Верховский нахмурился:

– Почему?

– Он не вдавался в подробности.

– А кого подозревают?

– Беса и Длинного.

– Почему?

– Я сам указал на них, обрисовал внешность.

– От кого ты узнал, как их зовут?

– Наташа сказала.

Верховский ненадолго задумался:

– Корнееву тоже известны эти клички?

– Да, я назвал их ему.

– Та-ак, – протянул Верховский. – Занятно… Значит, личности наших мальчиков уже в поле зрения полиции… А Наташа? Корнеев и о ней знает?

– Знает.

– Что именно?

– Что она числится студенткой в химико-технологическом.

– И всё?

– Всё.

Верховский вновь откинулся на спинку кресла:

– Ты сказал ему, что разыскиваешь Наташу?

– Да.

– И что отправился искать её именно сюда?

– Нет, об этом у нас не было речи.

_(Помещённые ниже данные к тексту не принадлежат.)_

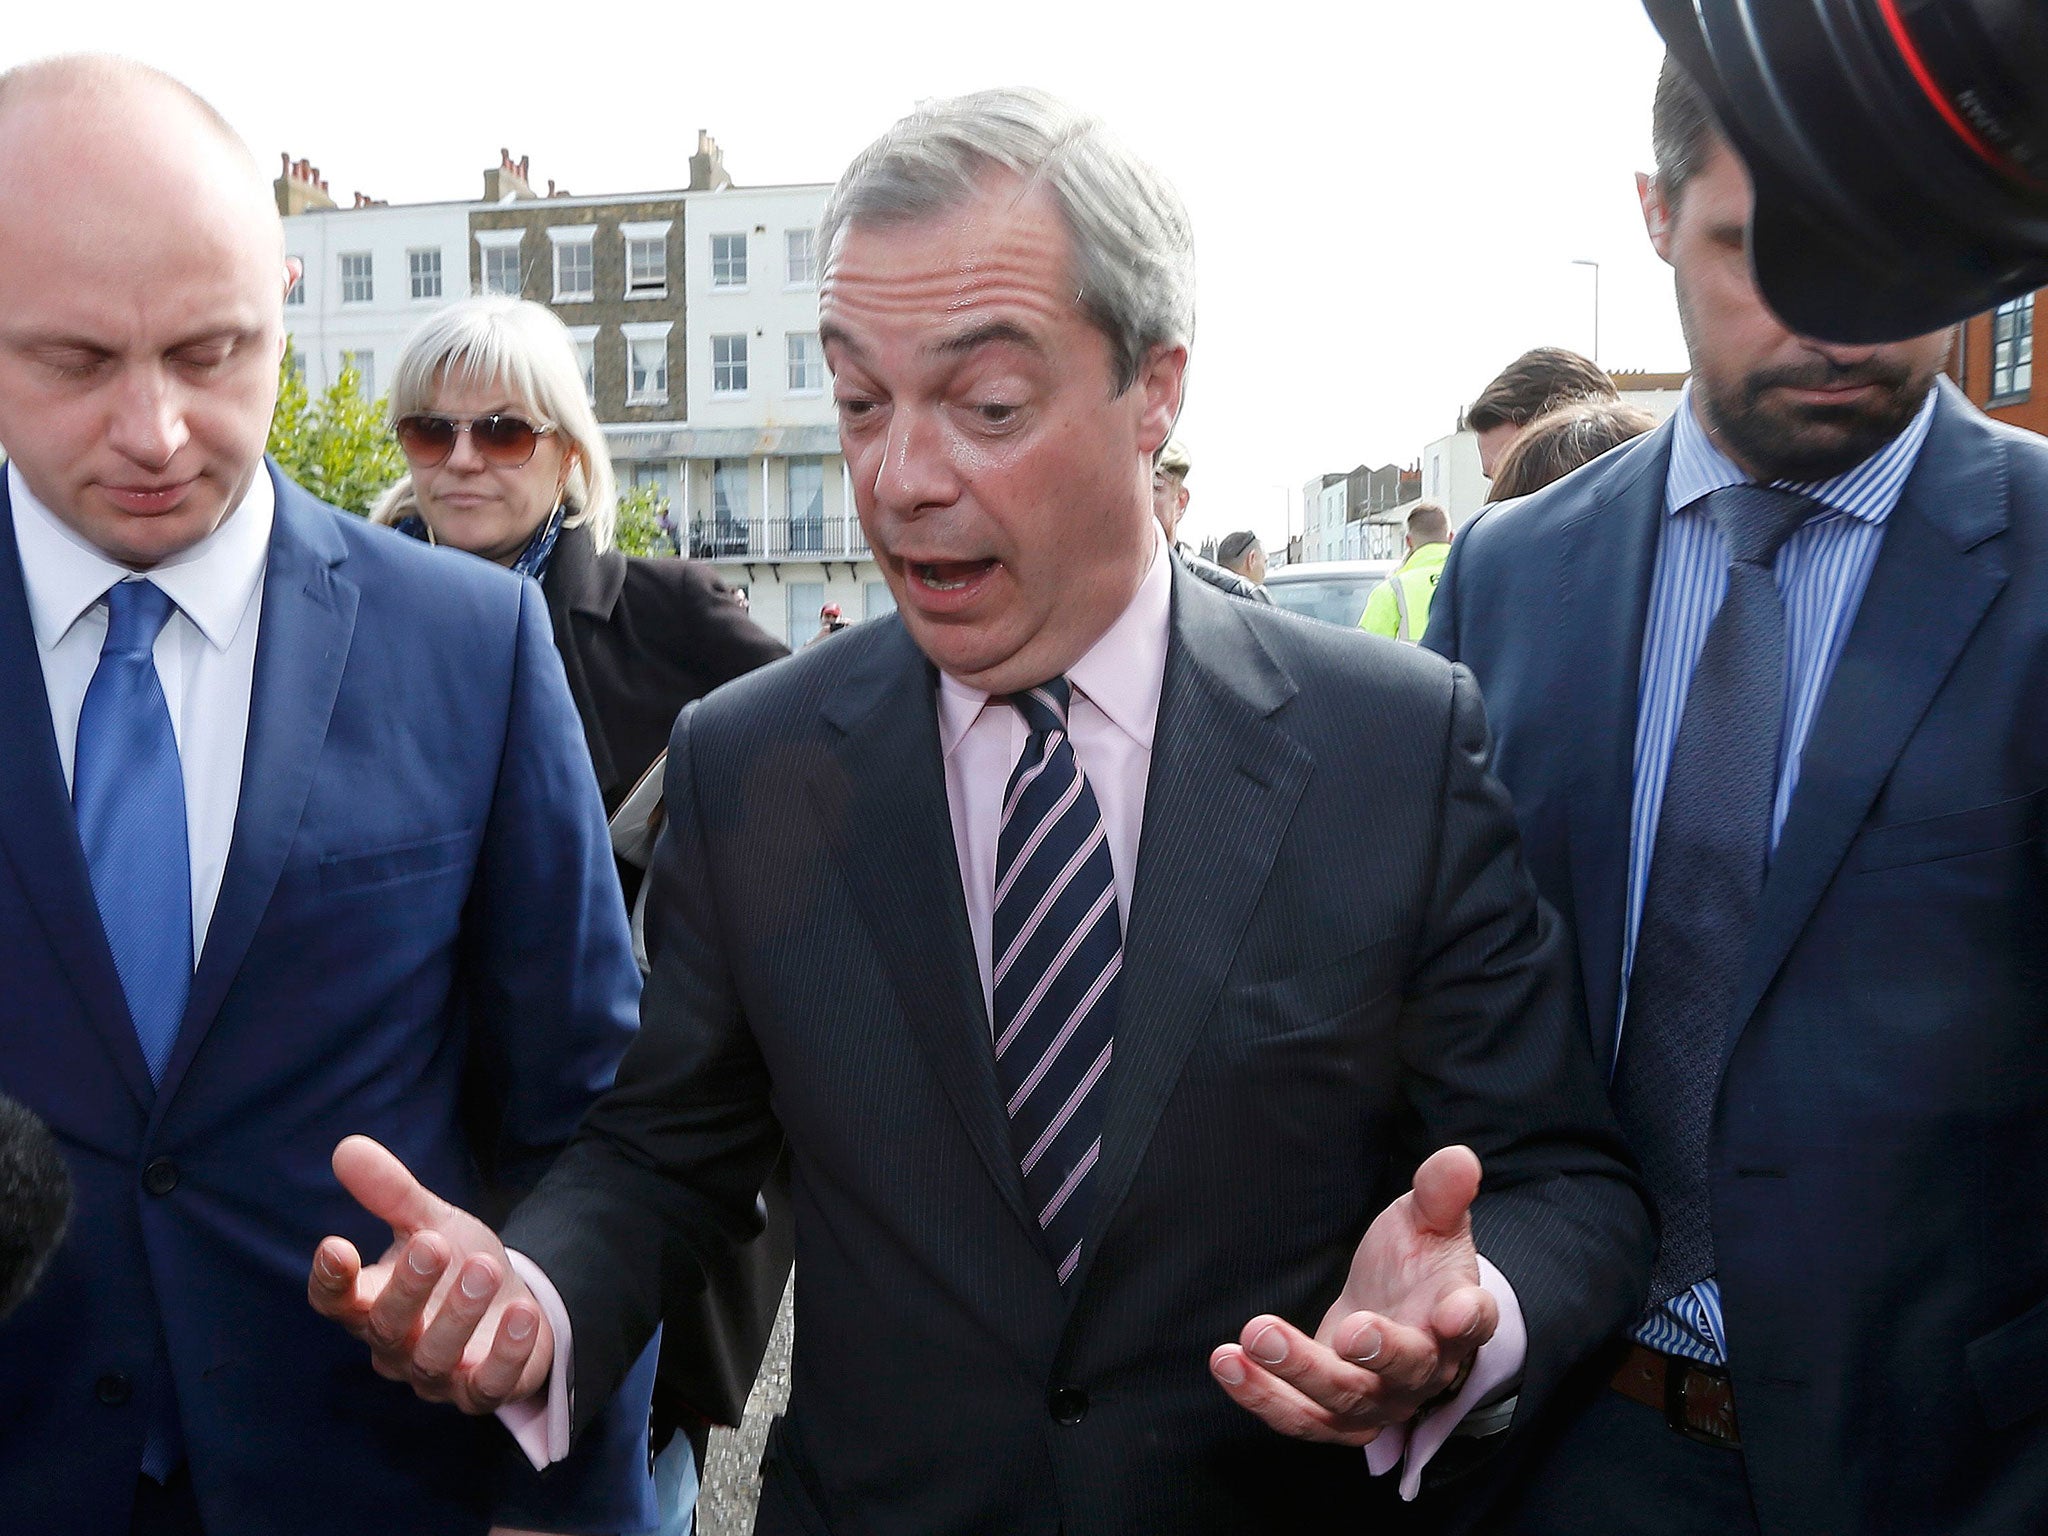 Nigel Farage, leader of the United Kingdom Independence Party (UKIP) arrives at Winter Gardens in Margate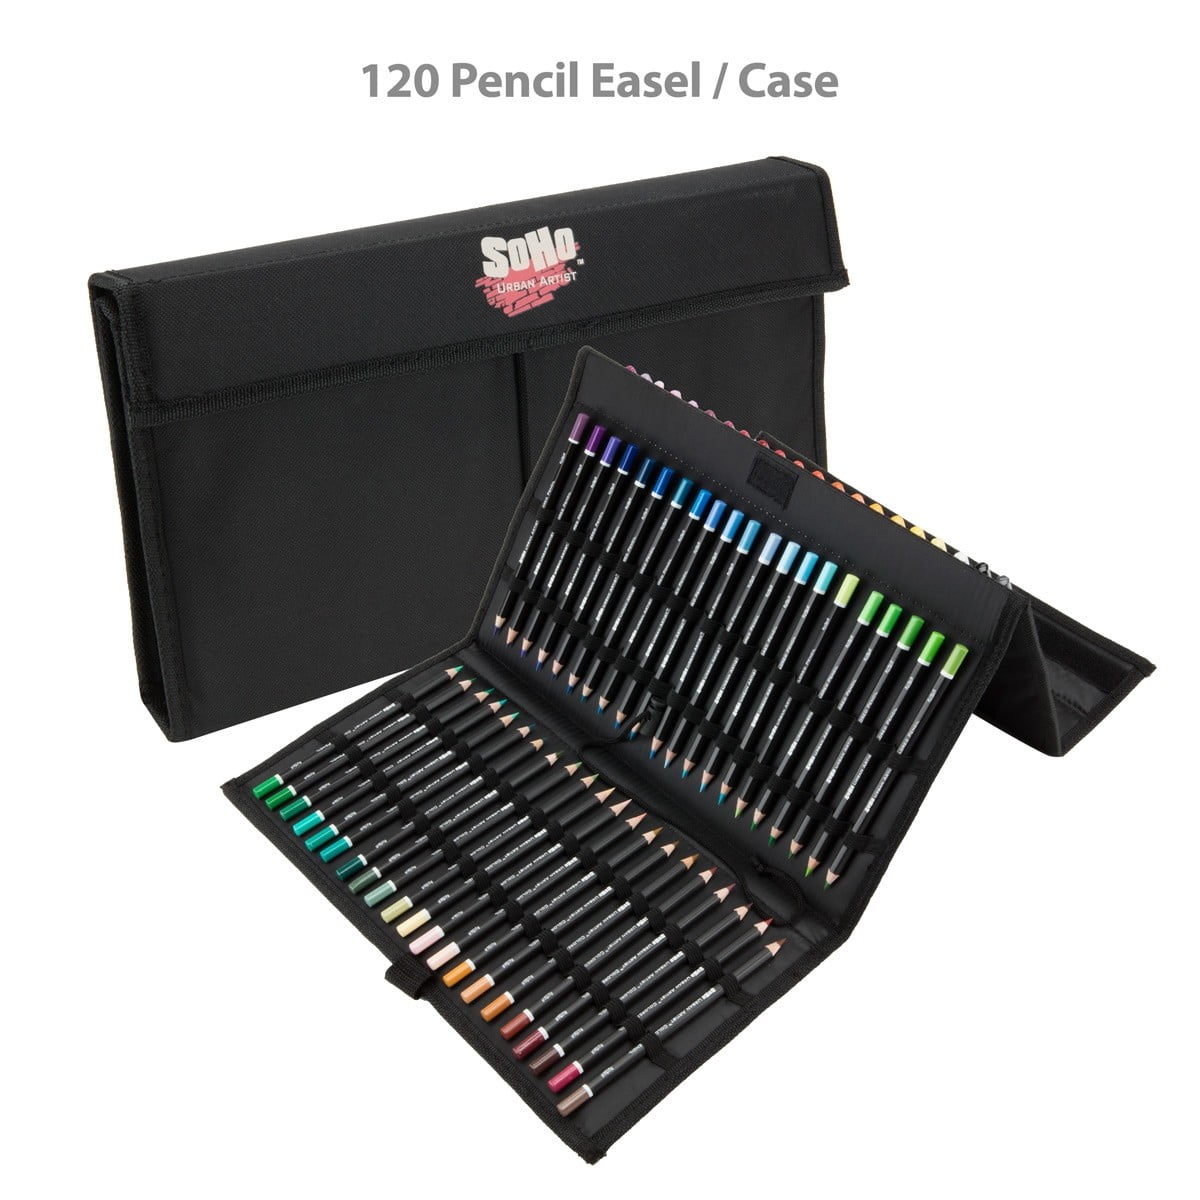 Global : Leather Black Folding Color Pencil Case Holds 120

Напротив, он запретил мне какой-либо поиск.

– Почему?

– Мол, не моё дело.

Верховский усмехнулся, погладил бородку:

– Это уже лучше. Значит, положение ещё можно поправить.

– Что за положение?

– Ну, сам видишь, в какую историю тебя втянула Наталья. Это из-за неё всё так получилось. Глупая девчонка!.. Сама напросилась на отдых в «Уюте», со всеми здесь перессорилась, а к ночи и вовсе сбежала. Что она наплела тебе в своё оправдание? Не было ничего этого, мой мальчик. Не было. Она всё сама подстроила с гибелью твоих друзей. У неё мания преследования. Вот и к тебе подбирается с россказнями. Надо избавиться от неё, мой мальчик. Надо! Я знаю, что она понравилась тебе, и всё же…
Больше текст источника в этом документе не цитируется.